Closed haasn closed 13 years ago

haasn commented 13 years ago

On second thought, I'm adding a delimiter to function calls, for which I'll use ‘;’ for now.

The problem is, if the number of parameters for a function determines the way it's parsed, then we need to know the value of a function during the parsing step, which means we can't build a complete AST before execution, so we'd have to parse stuff in realtime.

This causes two drawbacks: 1. We can't use a standard EBNF or Parsec-based parser library, 2. We can't JIT or compile the language at all.

If we introduce a ; as proposed, this gives us several advantages:

  1. We can build ASTs, JIT or even compile the language - speeding up execution noticeably in all three cases
  2. We can introduce variadic functions or optional parameters very easily

And two cosmetic drawbacks:

  1. The syntax is a bit uglier, >mfw "foo"; instead of just >mfw foo
  2. We can no longer use ; inside variable names

What do you think? I'm going to add it to the spec for now, since my current implementation breaks / is not really possible otherwise, unless I constantly re-run the parser and move expressions between blocks at runtime, but this would be very hard to do and also very slow.

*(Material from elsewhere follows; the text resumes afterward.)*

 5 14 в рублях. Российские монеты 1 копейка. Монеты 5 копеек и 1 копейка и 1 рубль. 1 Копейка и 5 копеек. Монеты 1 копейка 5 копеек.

yate commented 13 years ago

I'm having trouble understanding why the number of arguments affect how it's parsed. I've only studied one way of parsing, and that's top down LL(1). It seemed to me as long as the grammar of the language didn't have any ambiguity, was context free, not left recursive, then the parser would be able to handle it. Also what do you mean by the value of the function, it's name, memory location?

I think I'm thinking about it differently because I'm imagining it being compiled and not interpreted, which my implementation might be.

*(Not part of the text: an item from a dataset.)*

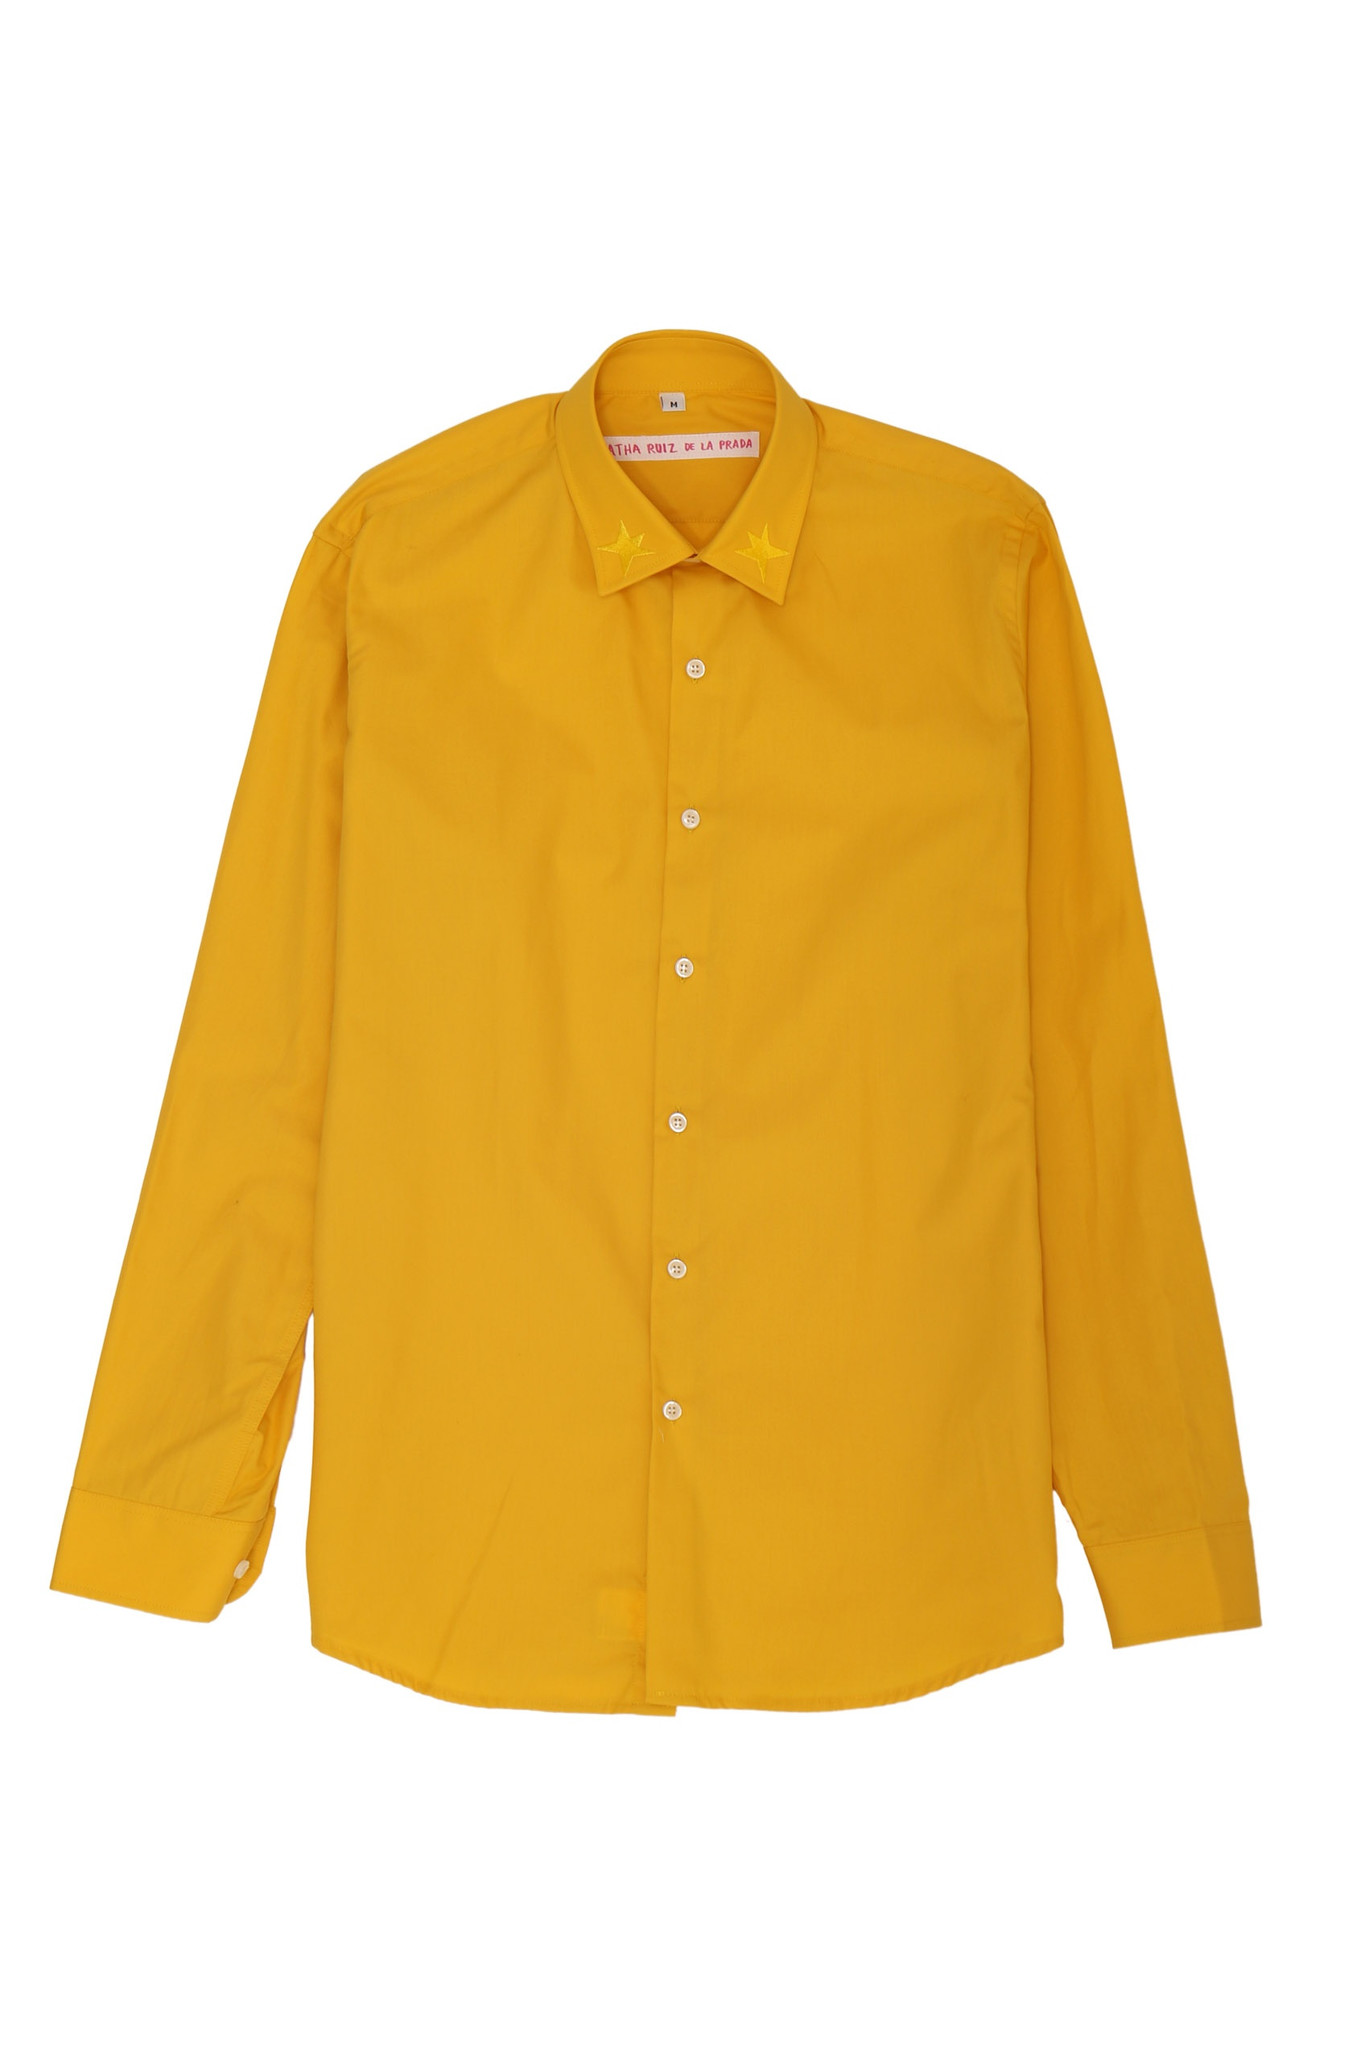 Combiné de 25 chemises + 50 sous-chemises jaunes

haasn commented 13 years ago

It seemed to me as long as the grammar of the language didn't have any ambiguity

The problem here is that the grammar of the language HAD ambiguity.

Previously,

>foo >bar bat baz

was ambiguous between the following:

And the actual result would be determined based on how many parameters foo and bar take, respectively.

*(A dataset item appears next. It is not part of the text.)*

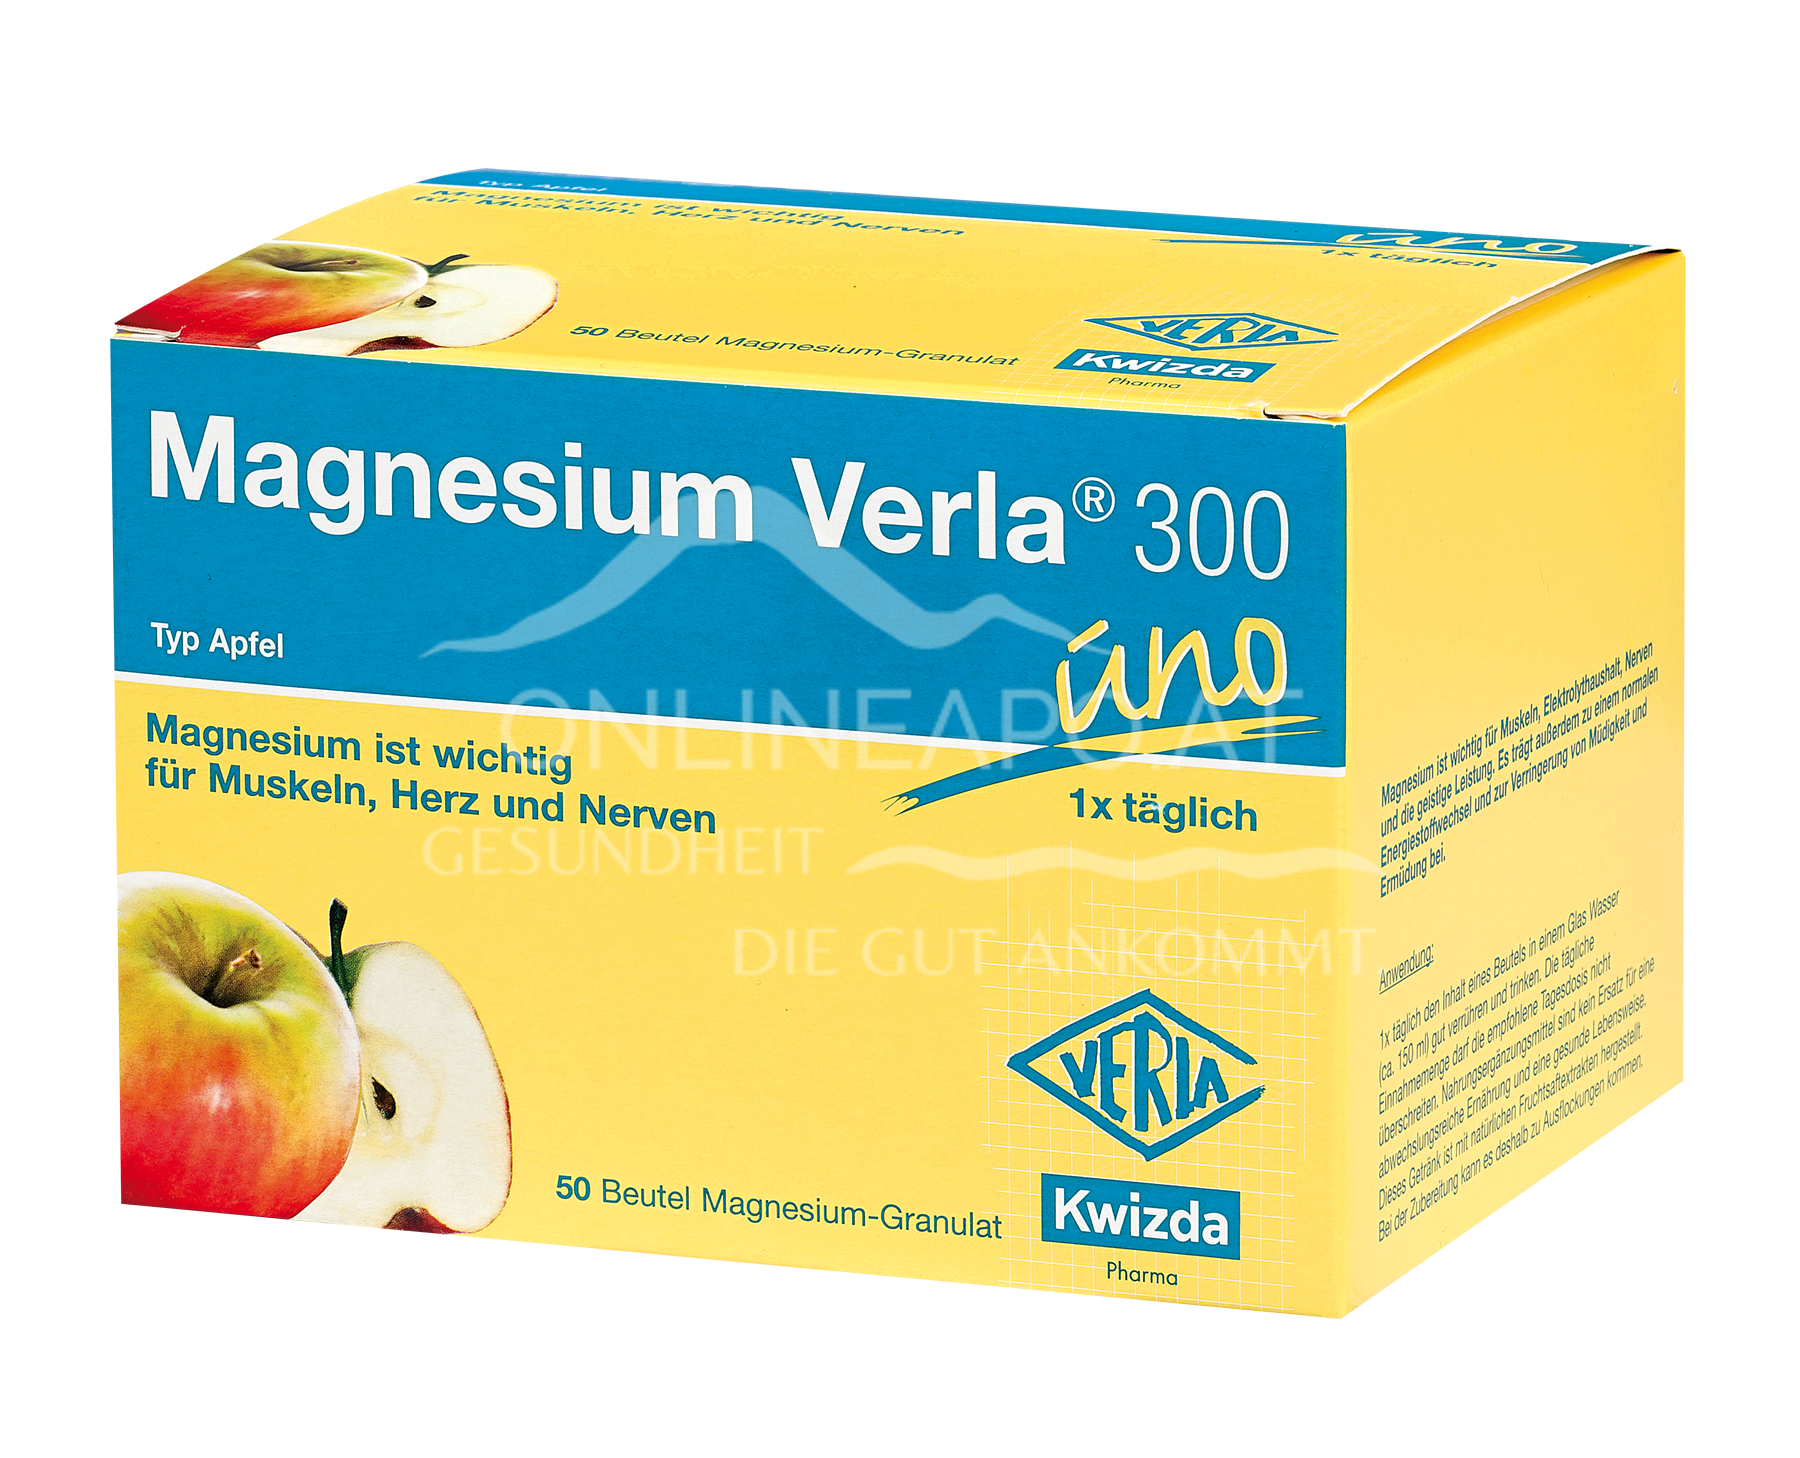 MAGNESIUM VERLA® 300 UNO Granulat Apfel

Now, with the addition of semicolons, it would be

>foo >bar bat; baz;

Which makes it clear that foo(bar(bat), baz) is meant, and nothing else.

yate commented 13 years ago

ah i see, so how the hell does perl do it lol? there is always the option of adding parens, which I'm not entirely against.

haasn commented 13 years ago

perl is interpreted and slow as shit for a reason :)

Edit: Doesn't perl force parentheses where it would be ambiguous otherwise?

haasn commented 13 years ago

For the reference, my implementation is basically working. The hello world compiles except for three parts:

  1. I don't have a comparison function yet so >is name "nand" fails
  2. I don't remove comments yet so those fail
  3. I don't have any “gb2” yet so that fails

Otherwise, the rest is working fully.

haasn commented 13 years ago

Update: I added a comparison function now, so now the only issue I still need to solve is comments and gb2. :)

yate commented 13 years ago

damn you work fast

haasn commented 13 years ago

I'm closing this. If we get any better ideas later on, open a new issue.